Il DISS, realizzato da un team di ricercatori dell’Istituto Nazionale di Geofisica e Vulcanologia (INGV), è un archivio georeferenziato di faglie sismogenetiche (ovvero potenzialmente capaci di generare terremoti), identificate negli anni attraverso dati e studi geologici, geofisici e storici. È espressamente dedicato ad applicazioni nella valutazione della pericolosità sismica a scala regionale e nazionale, oltre che allo sviluppo di modelli geodinamici.

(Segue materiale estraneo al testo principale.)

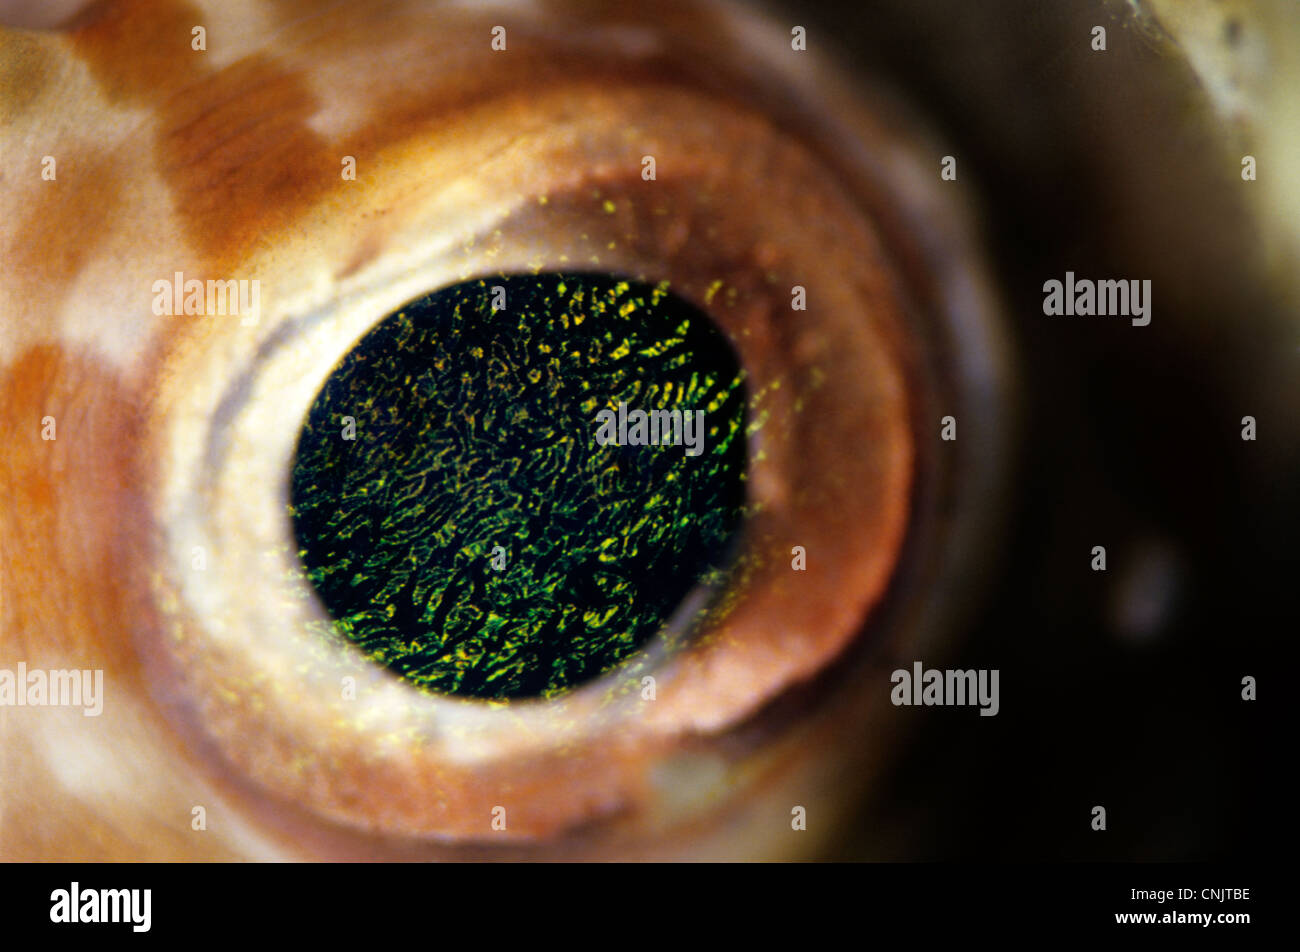 Eye of an orbicular burrfish (Cyclichthys orbicularis). Stock Photo

Con i suoi molteplici strumenti di navigazione, la nuova versione 3.3.0 di DISS si presenta totalmente rinnovata. Attraverso la semplice visualizzazione in mappa è possibile “vedere” in tre dimensioni le sorgenti sismogenetiche o, più semplicemente, le faglie che hanno causato o possono causare forti terremoti nel nostro territorio nazionale, in alcune aree adiacenti e in buona parte del Mediterraneo centrale. È inoltre possibile consultare la vasta documentazione che accompagna le sorgenti, ed infine è possibile rappresentare accanto ad esse il contenuto di diverse altre banche-dati, tra cui quelle della sismicità strumentale e storica.

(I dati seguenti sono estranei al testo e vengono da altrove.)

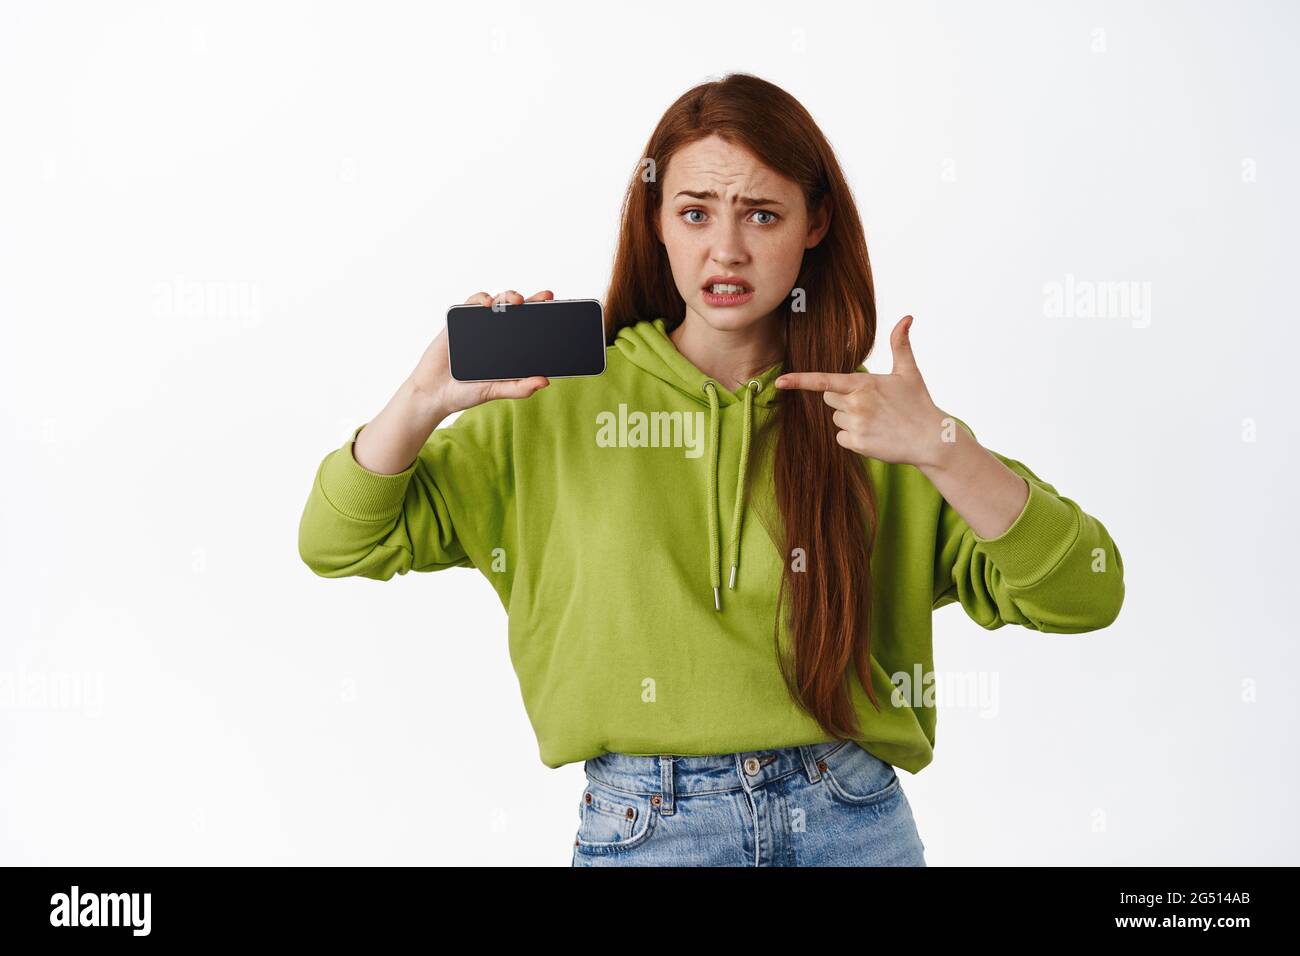 Ritratto di girl punta allo schermo del telefono con la faccia interessata e delusa, avete visto questo, mostrando cattive notizie sul telefono cellulare, sfondo bianco Foto Stock

Navigando nelle mappe, oggi è possibile consultare le “sorgenti individuali”, che in genere rappresentano le faglie che hanno causato i forti terremoti del passato; le “sorgenti composite”, ovvero rappresentazioni semplificate di sistemi di faglie estesi che possono includere alcune sorgenti individuali; e le “zone di subduzione”, che propongono una struttura semplificata di questi importanti elementi geodinamici. Sono, infine, visibili anche le “sorgenti dibattute”, cioè quelle faglie attive che una parte della letteratura scientifica propone come potenziali faglie sismogenetiche, ma per le quali non esistono ancora conoscenze sufficientemente complete.
Il Database, partito ormai oltre vent’anni fa nella sua primissima edizione nel 2001, è nato con lo scopo di investigare e sistematizzare le conoscenze sulla sismogenesi del territorio italiano. I successivi sviluppi, dovuti sia al miglioramento delle conoscenze geologico-geofisiche della penisola italiana (a loro volta in gran parte dovuti al verificarsi dei forti terremoti che si sono susseguiti negli anni, dalla sequenza del Molise del 2002 sino a quella del Centro Italia del 2016-2017), sia ai nuovi impieghi nel campo della pericolosità sismica e da tsunami, hanno apportato profonde trasformazioni alla struttura di DISS e alle tipologie di sorgenti in esso contenute.
Per la nuova versione del DISS sono state considerate le più recenti conoscenze sulla subduzione dell’Arco Calabro, è stato completamente rielaborato l’assetto delle sorgenti dell’Appennino centrale in seguito alle novità emerse dalla sequenza del 2016-2017, e sono state riconsiderate numerose aree dell’Adriatico centrale e meridionale, dello Ionio e del Canale di Sicilia. Inoltre, facendo riferimento alle leggi di scala più aggiornate oggi disponibili, è stato applicato un nuovo criterio per la stima del terremoto più forte che le sorgenti sismogenetiche possono generare (Mmax).
I contenuti di questa nuova versione del DISS sono stati già utilizzati nell’ambito del nuovo modello di pericolosità europeo (ESHM20).
Tutte le versioni di DISS sono scaricabili in file di vario formato e sono utilizzabili attraverso i servizi web per l’interoperabilità che seguono lo standard dell’Open Geospatial Consortium. Completa il quadro uno strumento che consente l’interoperabilità tra il DISS e ITHACA, la banca-dati delle faglie attive e capaci curata dall’ISPRA.
La nuova versione del DISS, dunque, contribuisce a ridefinire e dettagliare il modello di sismogenesi alla scala del Mediterraneo centrale, fornendo un moderno strumento di consultazione e indagine, diretta non solo ai ricercatori ma anche ai professionisti impegnati nella progettazione di opere di varia natura e nella microzonazione del territorio, oltre che ai tecnici e ai decisori istituzionali preposti alla prevenzione e gestione dei rischi.